Jak przypomina już po pierwszym posiedzeniu, które miało miejsce 5 sierpnia 1949 roku, wydano „Dekret o ochronie wolności sumienia i wyznania”. Dokument podstawowy dla działalności Kościoła w Polsce i możności wyznawania swojej wiary.

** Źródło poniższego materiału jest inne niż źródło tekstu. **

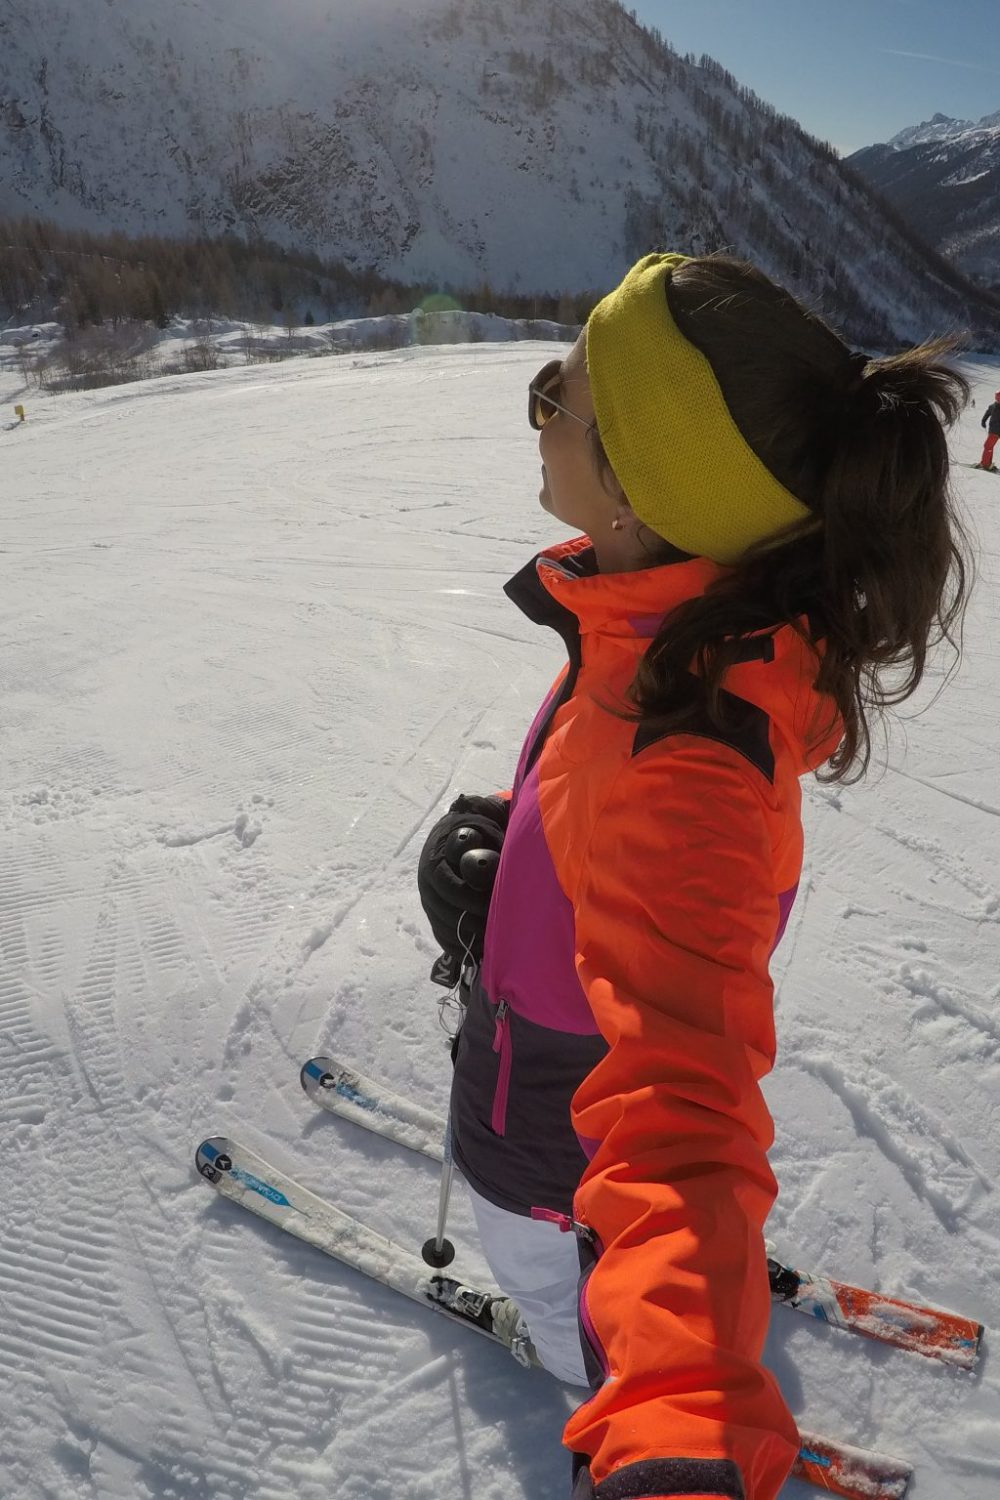 Dicas de roupas para a neve e esportes de inverno (ski e snowboard)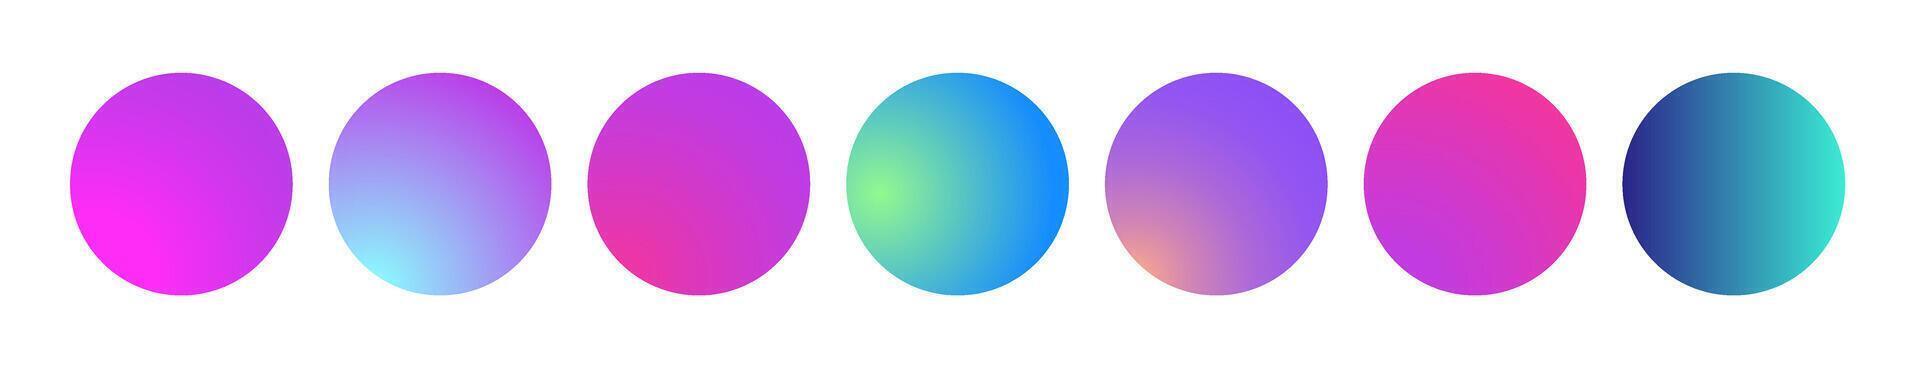 arredondado holográfico gradiente esfera. multicolorido vetor

Ks. Kloch przypomina, że wśród zagadnień, którymi zajmuje się Komisja Wspólna Rządu i Episkopatu, są wszelkie kwestie związane z relacją prawa kościelnego i państwowego. - Spoiwem są ludzie, z jednej strony obywatele a z drugiej wierni - mówi rzecznik Episkopatu. Wśród dyskutowanych spraw znalazły się m.in.: Konkordat, pielgrzymki papieskie, ale również kwestie np. związane z administrowaniem cmentarzy.

- Niektórzy w Polsce uważają, że Komisja stanowi przeżytek a jej spotkania przebiegają pod dyktando Kościoła. Nic bardziej błędnego. Nawet w laickiej Francji takie spotkania odbywają się przynajmniej raz w roku. Komisja ta jest wciąż potrzebna - uważa ks. Kloch.

Rzecznik przyznaje, że podczas spotkań nie brakuje problemów. Jak przypomina, jesienią 2008 roku podpisano wspólną deklarację dotyczącą rodzin wielodzietnych. - Istnienie dalekowzrocznej polityki prorodzinnej powinno być jednym z priorytetów państwa. Strona kościelna stara się wskazywać jak sytuacja powinna wyglądać - mówi ks. Kloch. Jednak, jak dodaje, wydaje się, że mimo wszystko takie kwestie rząd zaniedbuje. - Państwo ma w swoich rękach wiele narzędzi, w tym finansowych, które mogą tę politykę kształtować. To jeden z trudniejszych tematów - przyznaje.

Wśród kwestii, nad którymi dyskusja wciąż trwa, znajduje się m.in. sprawa ratyfikacji Konwencji Bioetycznej, w tym zagadnień związanych z zapłodnieniem pozaustrojowym in-vitro. - Jak na razie nie widać konsensusu społecznego czy zgody w Parlamencie, by kwestie te rozwiązać. Trudno się żyje w takim państwie, w którym tak podstawowe rzeczy nie są określone prawnie - stwierdza rzecznik Episkopatu.